There, the planets range in mass from twice to five time's Earth's mass. Orbit times for the planets range from seven days for the innermost to 91 days for the outermost. Here again, the fourth planet out – an object with twice Earth's mass and a travel time of one orbit every 39 days – is the habitable-zone winner.
The results from Tuomi's team were published online Wednesday by the journal Astronomy and Astrophysics. Dr. Gregory has submitted a formal paper reporting his results to the Monthly Notices of the Royal Astronomical Society in Britain and has posted a draft of the paper on the research server arXiv.
The two efforts were based on so-called radial-velocity measurements of the host stars. In essence, these are measurements of a star's back and forth motion as a planet orbits and its gravity tugs on the star. The motion appears as a back-and-forth wobble in the star's spectrum.
A big planet close in has a more pronounced effect than either a small planet close in or more-distant planets. For Earth-scale planets in habitable zones, the effect can be quite weak.
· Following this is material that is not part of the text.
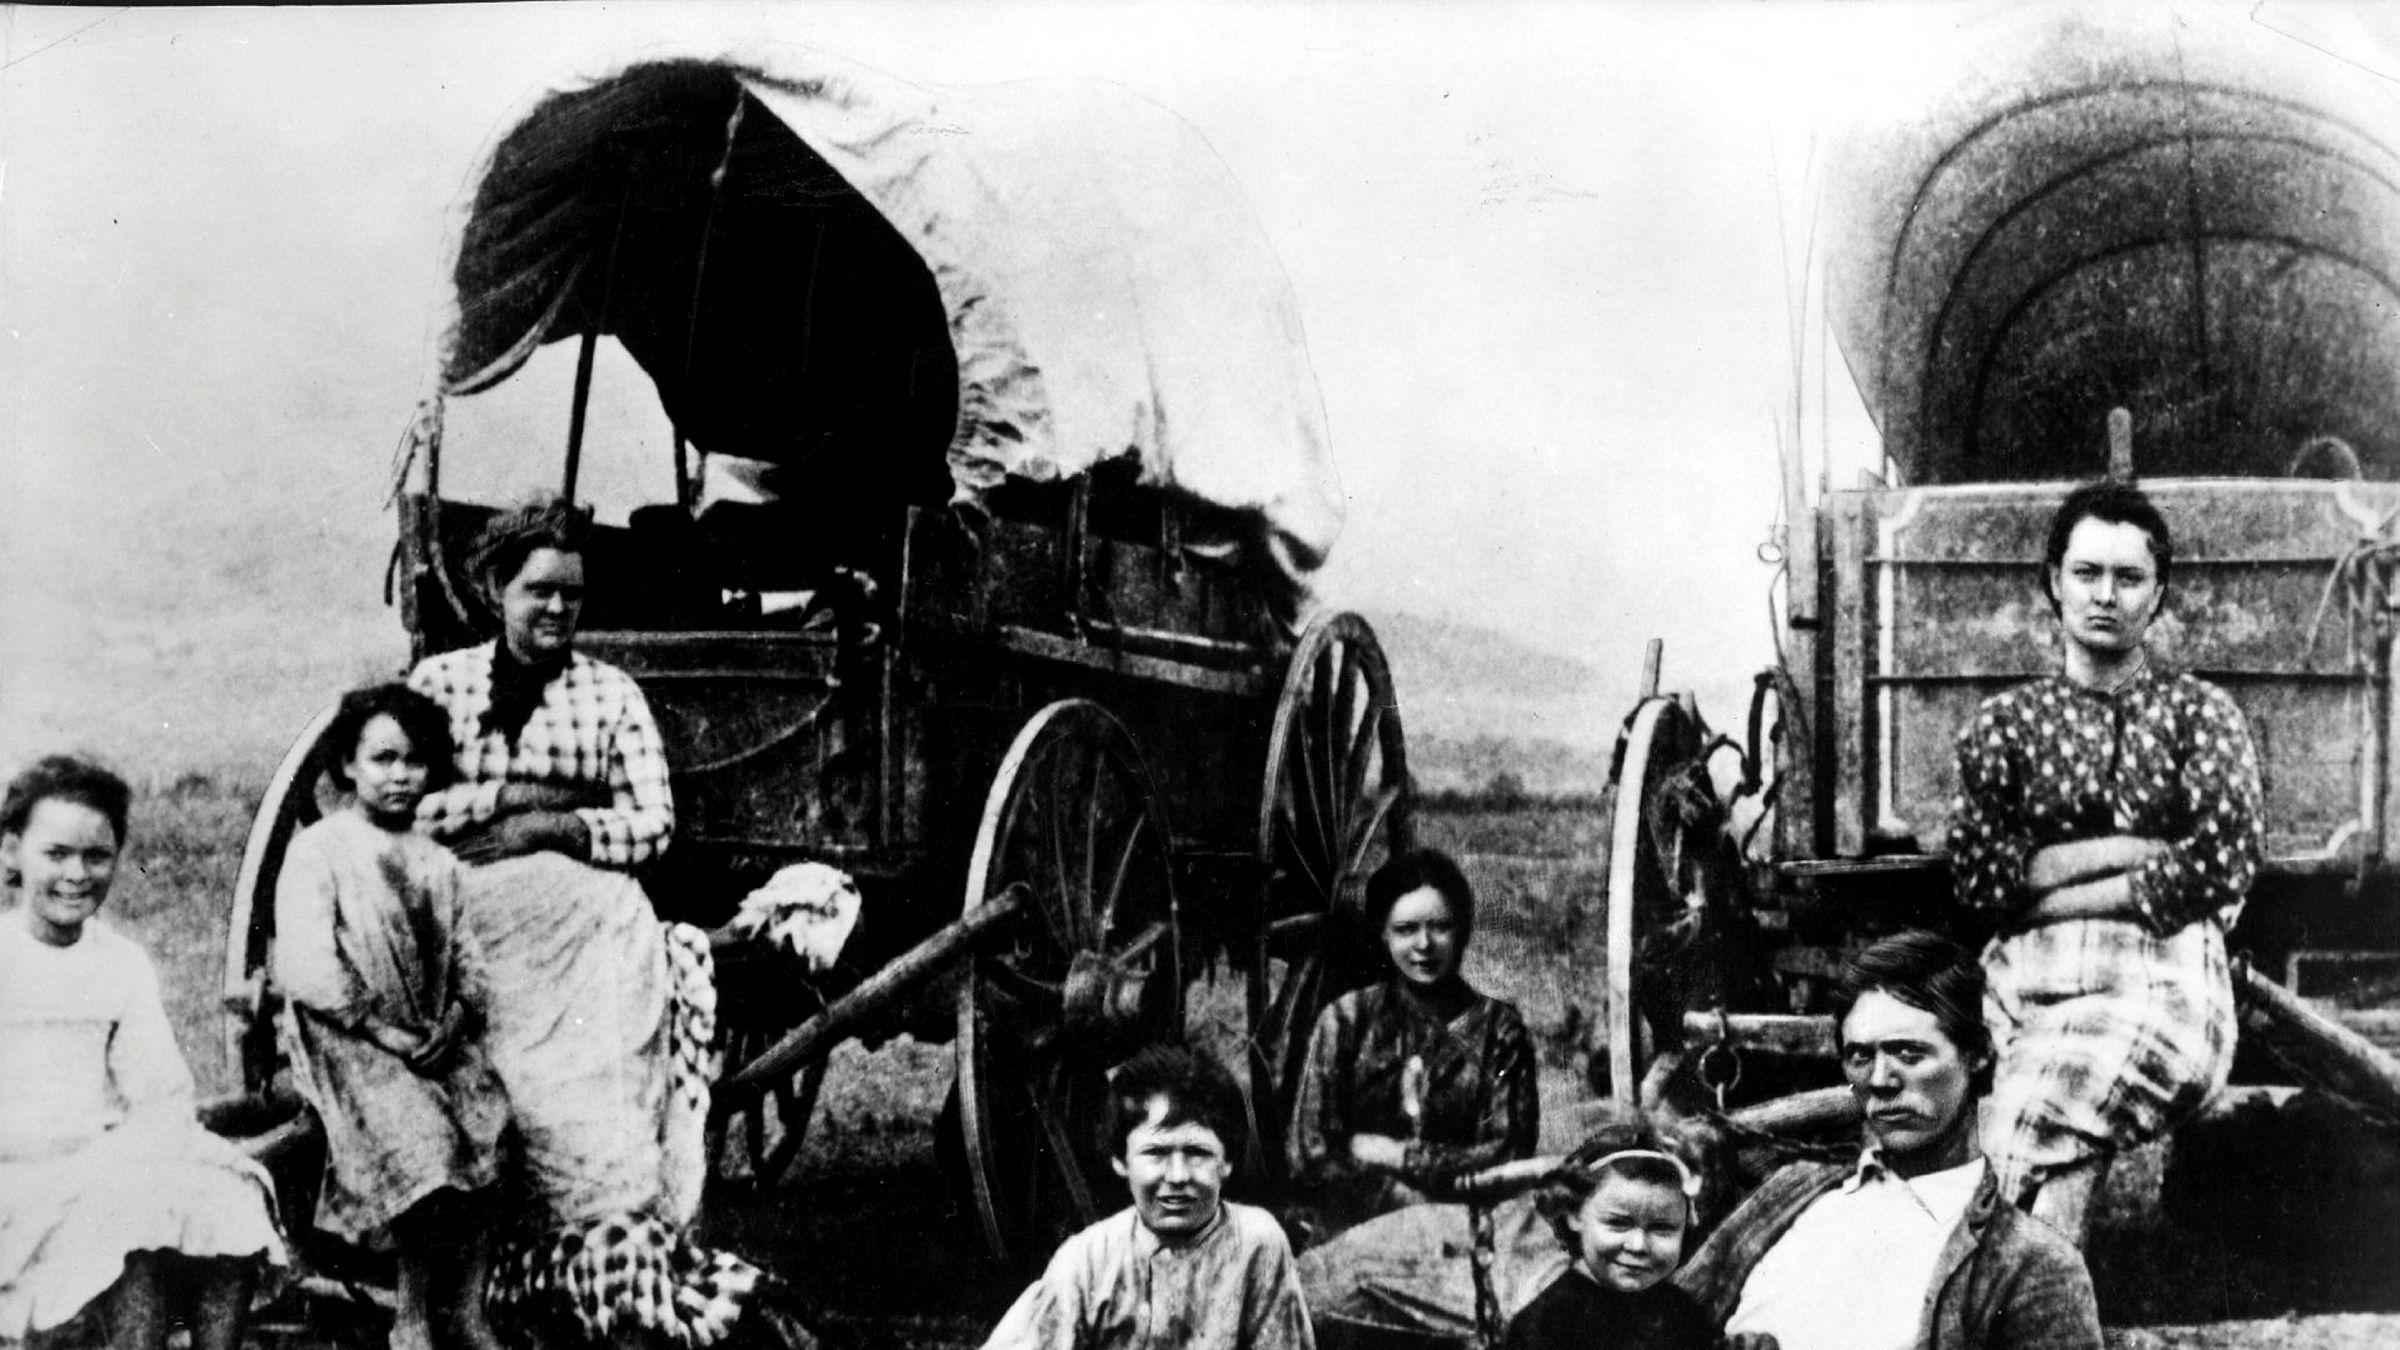 På store deler av 1800-tallet var USA verdens mest egalitære land, skriver artikkelforfatteren. Bildet viser nybyggere på vei vestover langs Oregon Trail til California.

This opens the door to confusion, because the star's own activity – star spots, flares, prominences, and other features – can also produce weak wobbles in the star's spectrum.
A star's "noise" lacks an important feature: the consistent, regular repetition of a planet's orbit. But that feature can be hard to detect amid a star's noise, dubbed "star jitter."
Rather than using a traditional approach of starting with the hunt for a planet-imparted wobble, Vogt explains, Tuomi devised a mathematical approach that focused on a star's noise.
To test the approach, the team needed a very bright star that had been a target of lots of radial-velocity measurements from different observatories and that had yielded no evidence of a planet. No planet must mean all jitter. Tau Ceti fit the bill.
The team combined 5,943 radial-velocity measurements gathered at observatories in Chile, Australia, and Hawaii over time spans of up to 13-1/2 years. The largest number of measurements came from a high-precision HARPS spectrometer at the European Southern Observatory's 3.6 meter telescope at La Silla. The team then looked for spectral signatures of the star's jitter across all three sets of observations and how that jitter changed over time.
Tuomi then developed a set of competing mathematical simulations of the star, each of which yielded the jitter patterns the team saw in the star. Then he introduced signatures of faux planets in each model to see which model had the highest probability of mimicking the star's jitter – and of revealing the faux planets.
The team applied the winning model of tau Ceti's star jitter to the full range of data coming from the star, and out popped the five candidate planets.
"These were signals underneath the noise that none of us had really known how to deal with," Vogt says. "These are very weak signals, and out they came."
"We have only now started to realize how important it is to model the stellar jitter as realistically as possible," Tuomi adds in an e-mail exchange.